| This is my post from this week's Tuesday Blog. |
This week’s edition of Vinyl’s Revenge proposes a vintage recording of violin concertante works, one by Bruch and the other by Wieniawski – featuring American violinist Michael Rabin accompanied by Sir Adrian Boult and the Philharmonia Orchestra.
Michael Rabin was of Romanian-Jewish descent. His mother Jeanne was a Juilliard-trained pianist, and his father George was a violinist in the New York Philharmonic. He began to study the violin at the age of seven. His parents encouraged his musical development.

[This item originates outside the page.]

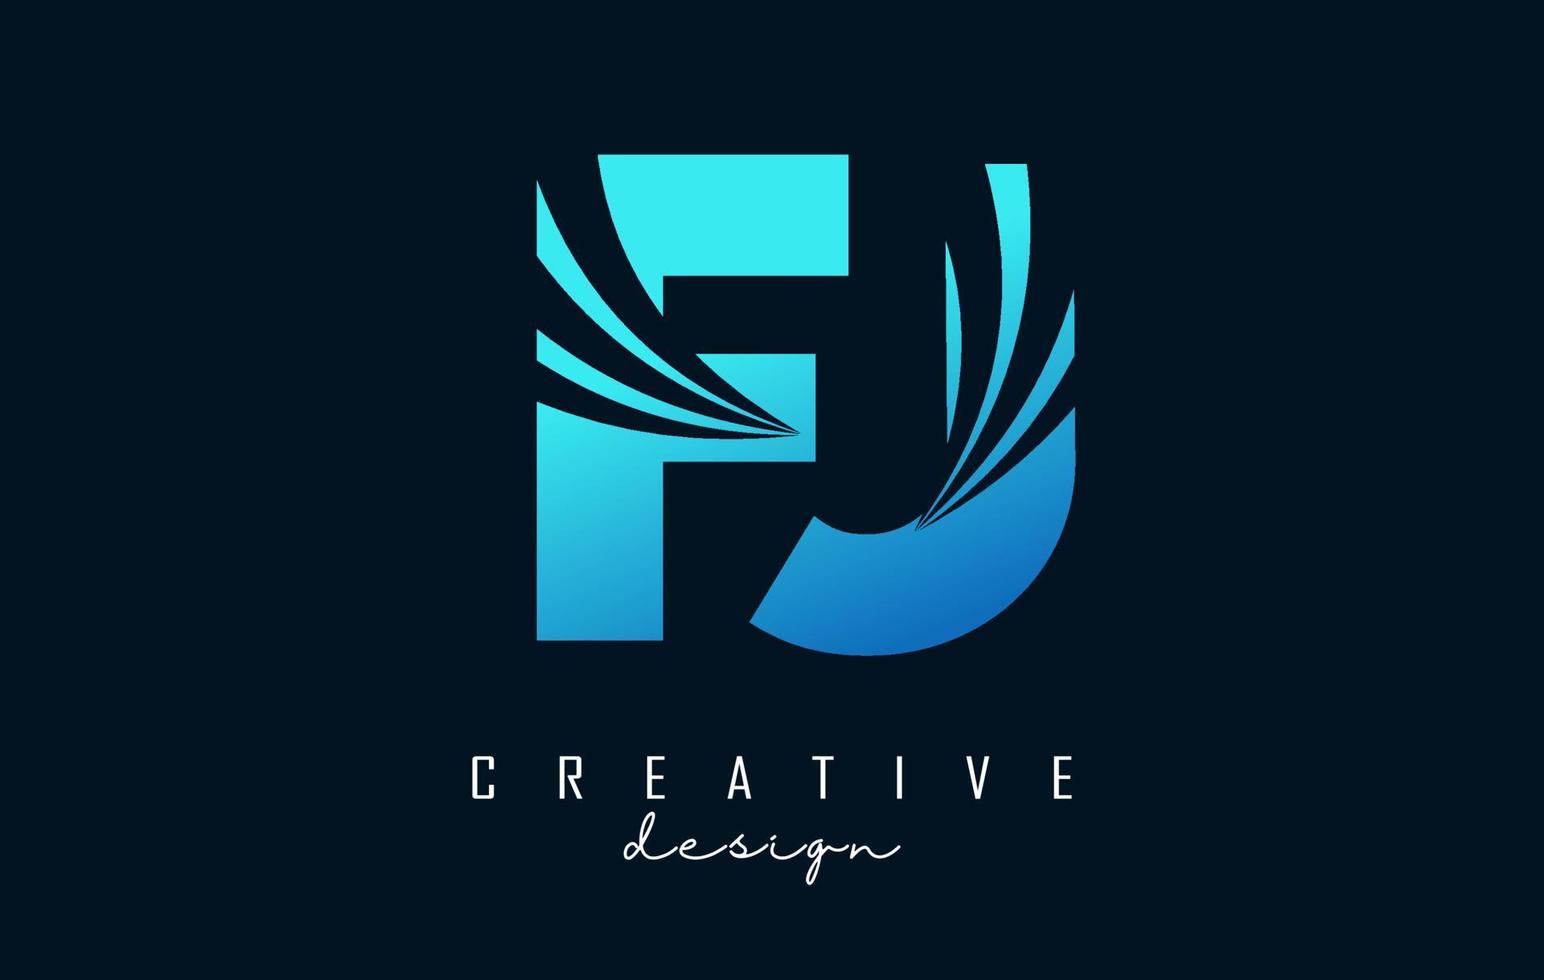 Logotipo creativo de letras azules fj fj con líneas principales y diseño de concepto de carretera. letras con diseño geométrico. vector

After a lesson with Jascha Heifetz, the master advised him to study with Ivan Galamian, who said he had "no weaknesses, never." He began studies with Galamian in New York and at the Meadowmount School of Music and the Juilliard School.
At his Carnegie Hall debut in 1950 at age 13, Dimitri Mitropoulos called Rabin “the genius violinist of tomorrow, already equipped with all that is necessary to be a great artist.” George Szell described him as “the greatest violin talent that has come to my attention during the past two or three decades.” And Artur Rodzinski added: “Rabin's is not the usual musical prodigy story. No one beat him to make him practice his scales. He was not overprotected and shut off from the world, but managed to enjoy a perfectly normal American boy hood.”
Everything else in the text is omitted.